**What the exercise asks**
Go through the lines below and repeat each one exactly, skipping pictures.

**Given material**
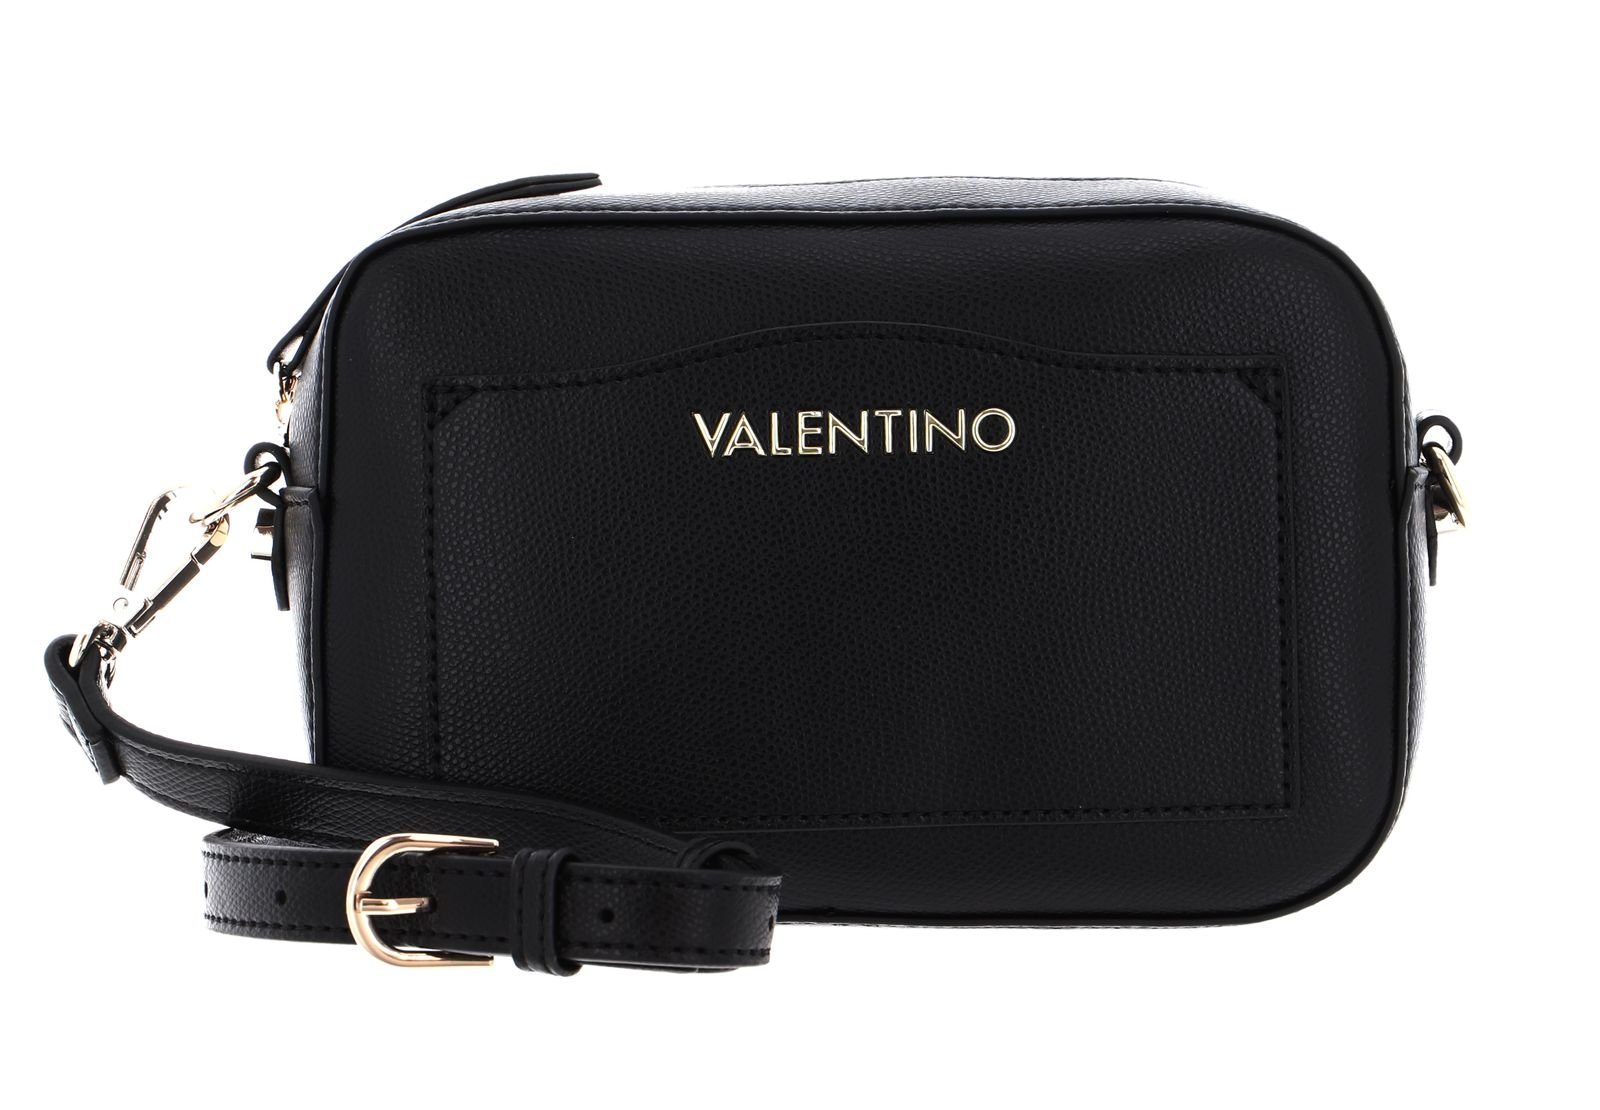 VALENTINO BAGS Umhängetasche »Maple« online kaufen | OTTO
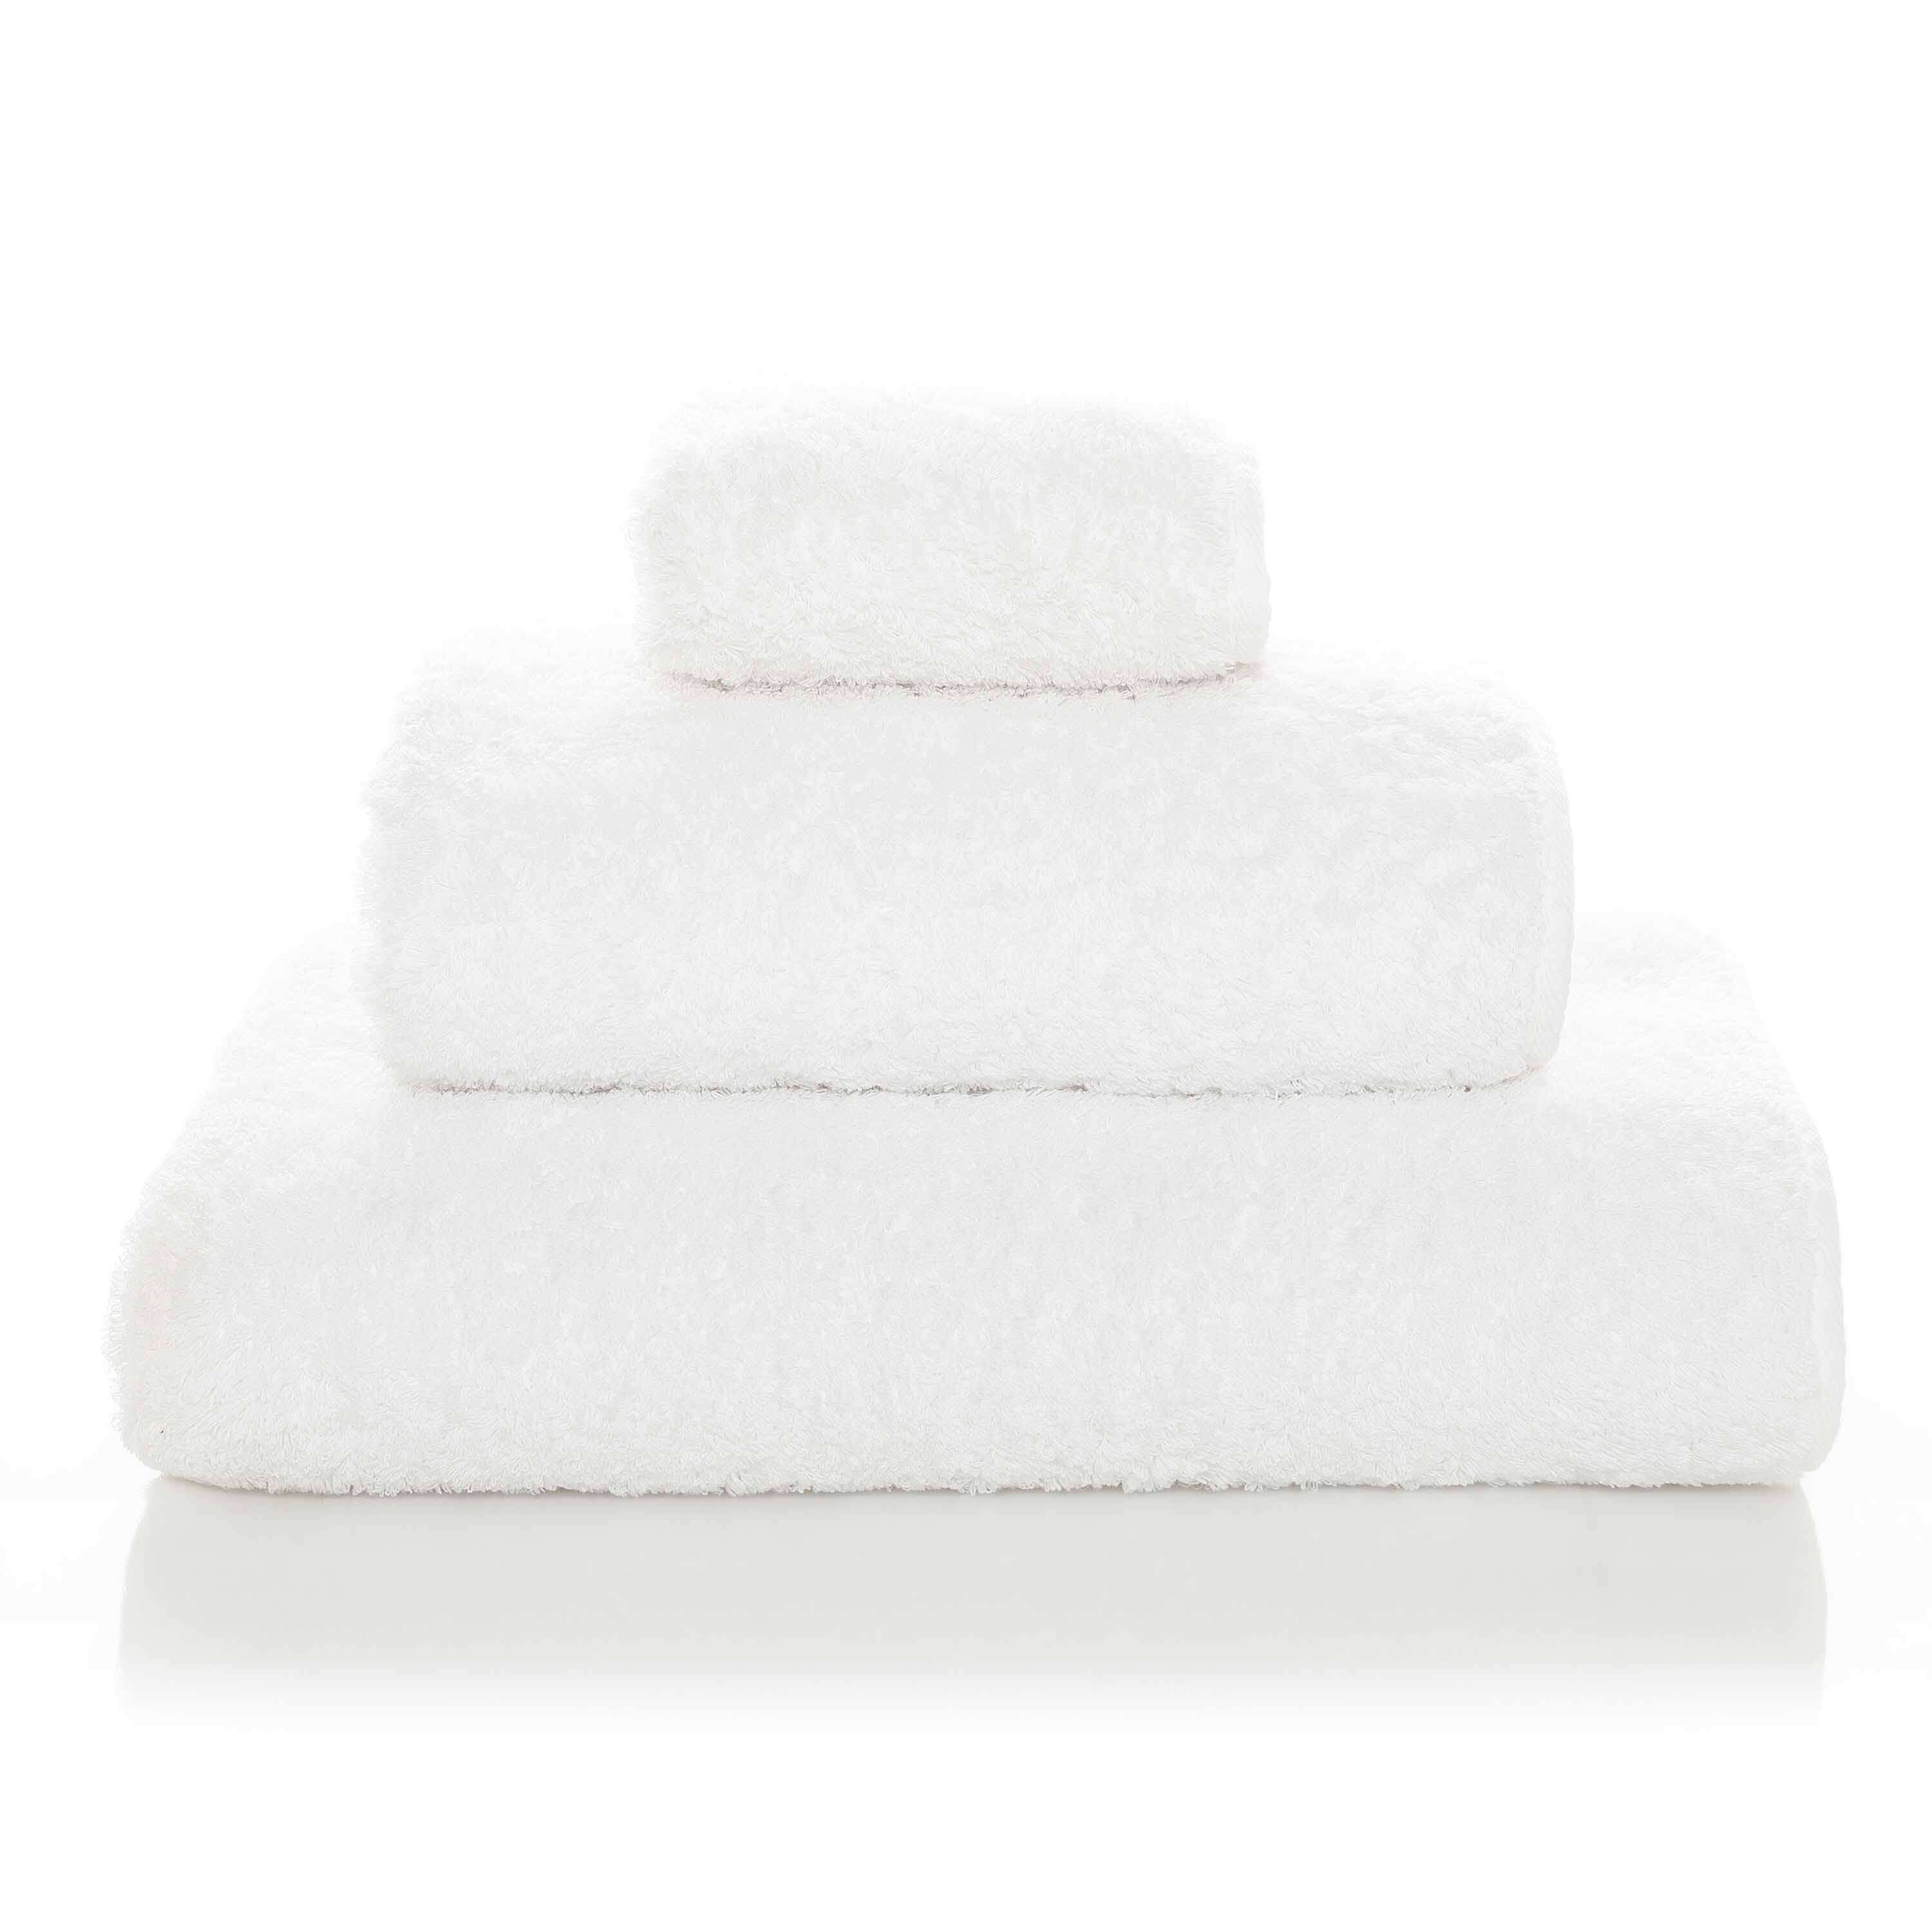 Элитное полотенце Egoist Range White ☞ Размер: 70 x 140 см
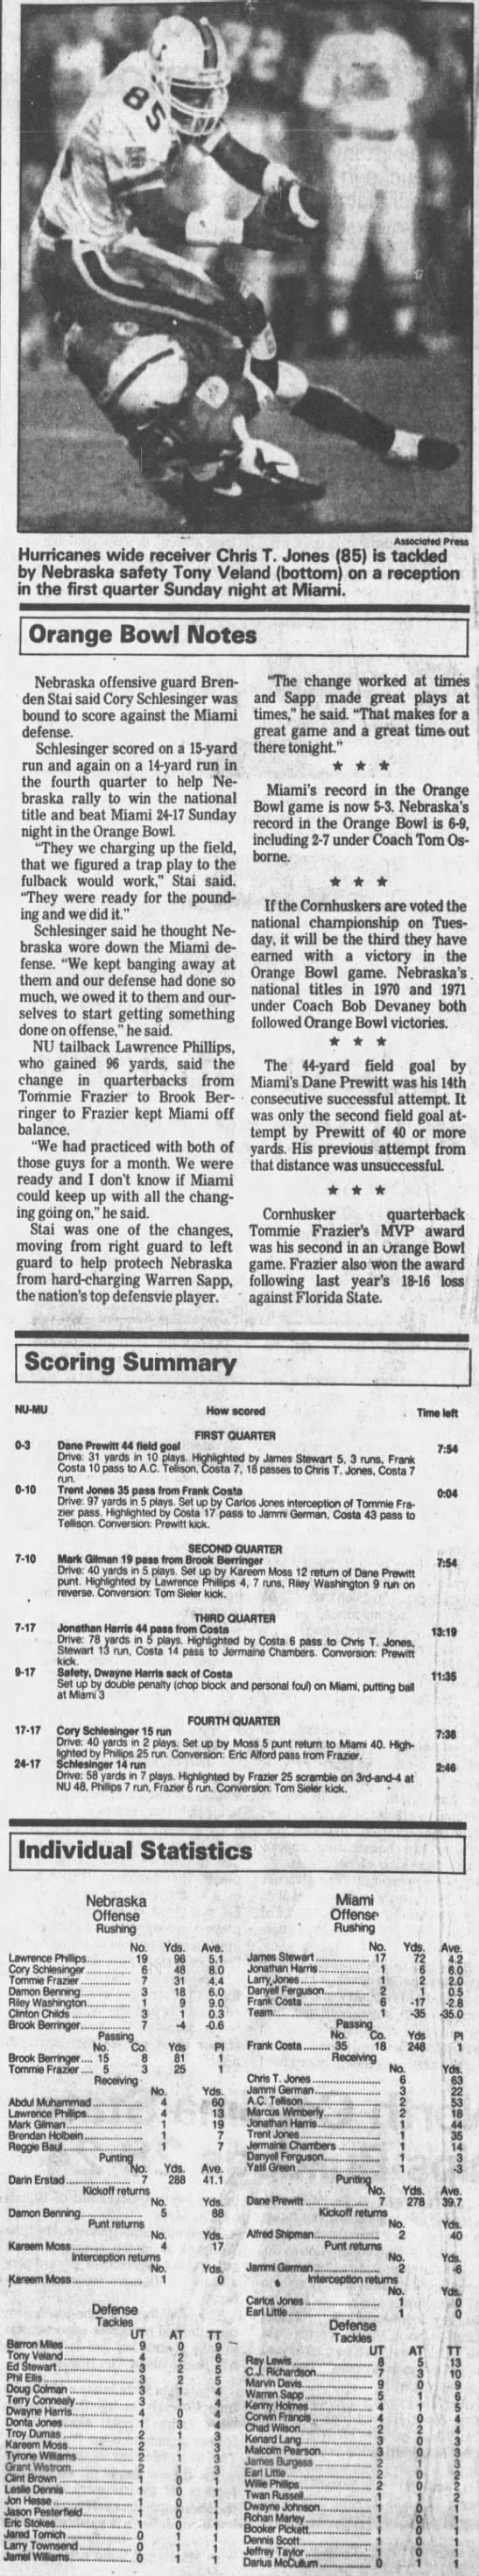 1995 Orange Bowl notes & scoring summary -

**Exercise solution**
 VALENTINO BAGS Umhängetasche »Maple« online kaufen | OTTO
 Элитное полотенце Egoist Range White ☞ Размер: 70 x 140 см
 1995 Orange Bowl notes & scoring summary -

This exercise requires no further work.